Contesting the CON con

Dr. Mark Monteferrante

If anyone is laboring under the delusion that Virginia is a state that favors private-sector competition and innovation, they need look no further than its Certificate of Public Need (CON) law to see how, in the health care field at least, we can stifle entrepreneurial activity just like the blue states.

The experience of Dr. Mark Monteferrante, the head of Progressive Radiology in the Washington region, is instructive. The Institute of Justice, which represented him in a lawsuit to overturn the law, described his dilemma:

In 2003, Dr. Monteferrante and his partners attempted to add a second MRI machine to their busy office. That process took fully five years and cost roughly $175,000 in filing fees, consultant fees and attorney expenses.

Now Progressive Radiology would like to build a top-notch medical facility in Virginia. They are unwilling, however to spend another five years fighting over whether they will be given permission to buy an MRI machine, particularly when there is no way of knowing in advance whether that permission will be granted.

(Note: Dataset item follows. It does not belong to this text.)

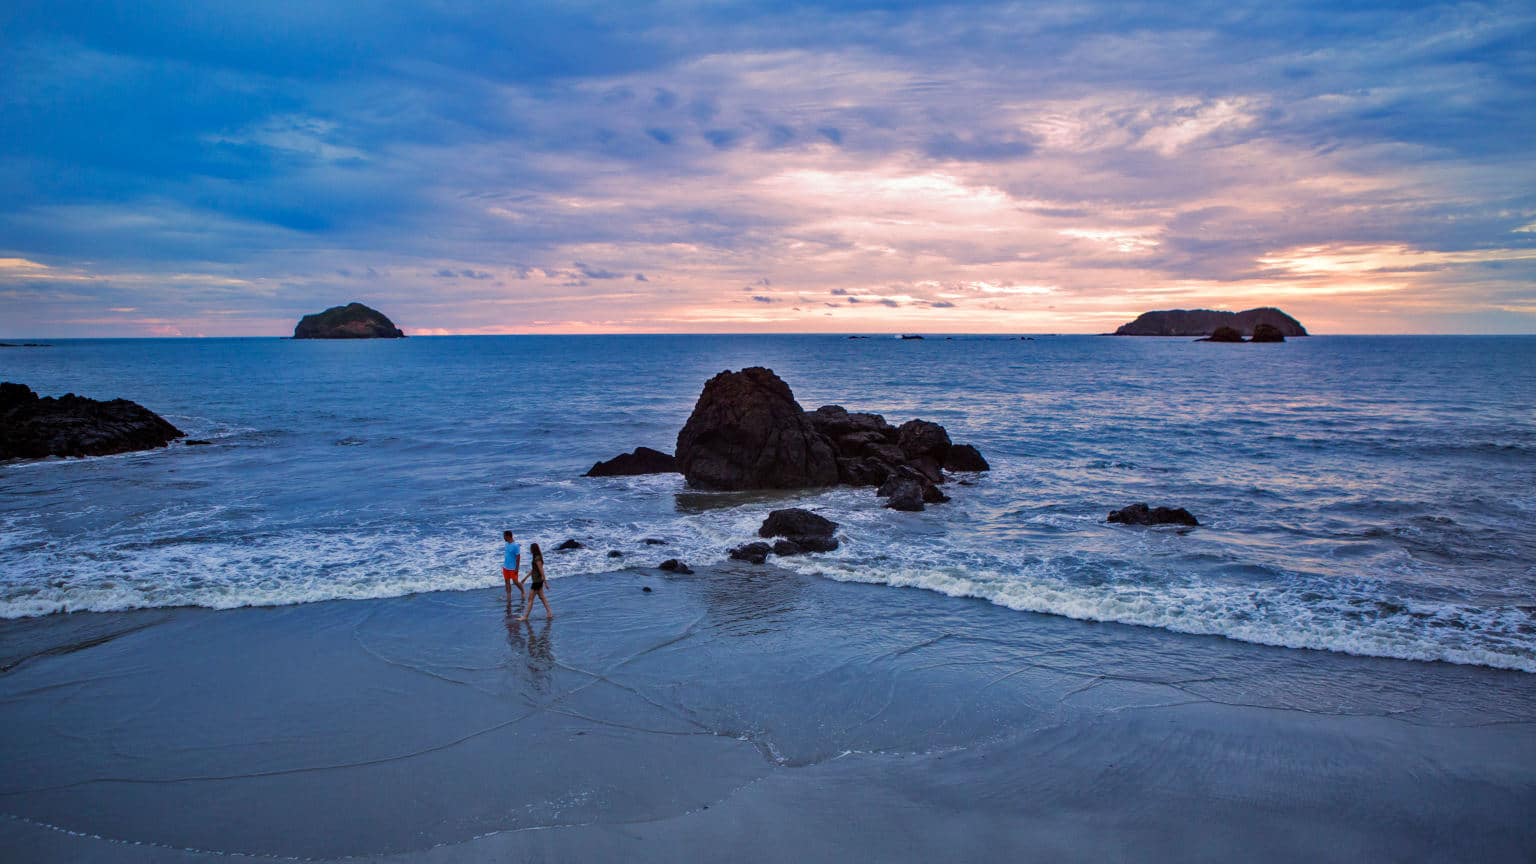 Costa-Rica-Manual-Antonio-Beach-Sunset-Couple

“Virginia has no problem with our clients providing their services. It just minds them working for themselves,” said IJ attorney Darpana Sheth. “When private citizens want to invest in innovative and effective healthcare services, the last thing the government should be doing is stopping them.”

“While 36 states impose CON requirements, Virginia is one of the worst offenders, requiring a certificate of need for things as simple as opening a private MRI clinic,” says IJ Attorney Larry Salzman. “As even the federal government recognizes, laws like these are outdated relics, and it is past time for them to be taken off the books.”

Unfortunately, a federal district judge ruled against Monteferrante and another physician, Mark Maumel, who was trying to introduce a less invasive form of colon-cancer screening, into the state. The state had every legal right, said Judge Claude Hilton, to restrict patient access to care. According to Bart Hinkle’s op-ed on the subject last week in the Times-Dispatch, the two doctors intend to appeal.

The CON law was conceived in the 1970s as a response to rising health care prices in a fee-for-service environment. The logic was that expensive health care technology needed to be rationed — there had to be a finding of a public need — otherwise hospitals and doctors would run patients through the machines as a way to generate more revenue. Competition does not work in the health care sector like it does in other industries, the argument goes.

That may be true in some instances, but sometimes competitors offer superior products and services. There have been decades of experience upon which to compare CON states with non-CON states and see how the pros and cons settle out. Hinkle cites a Federal Trade Commission report that says, “Empirical studies indicate that CON programs generally fail to control costs and can actually lead to price increases.”

Do the people who compile the “Best State for Business” rankings factor CON restrictions into their methodology? When was the last time Virginia lawmakers looked at the issue? Maybe elected officials should spend less time worrying about the anti-competitive aspects of Obamacare, which they can’t control, and more time thinking about CON, which they can.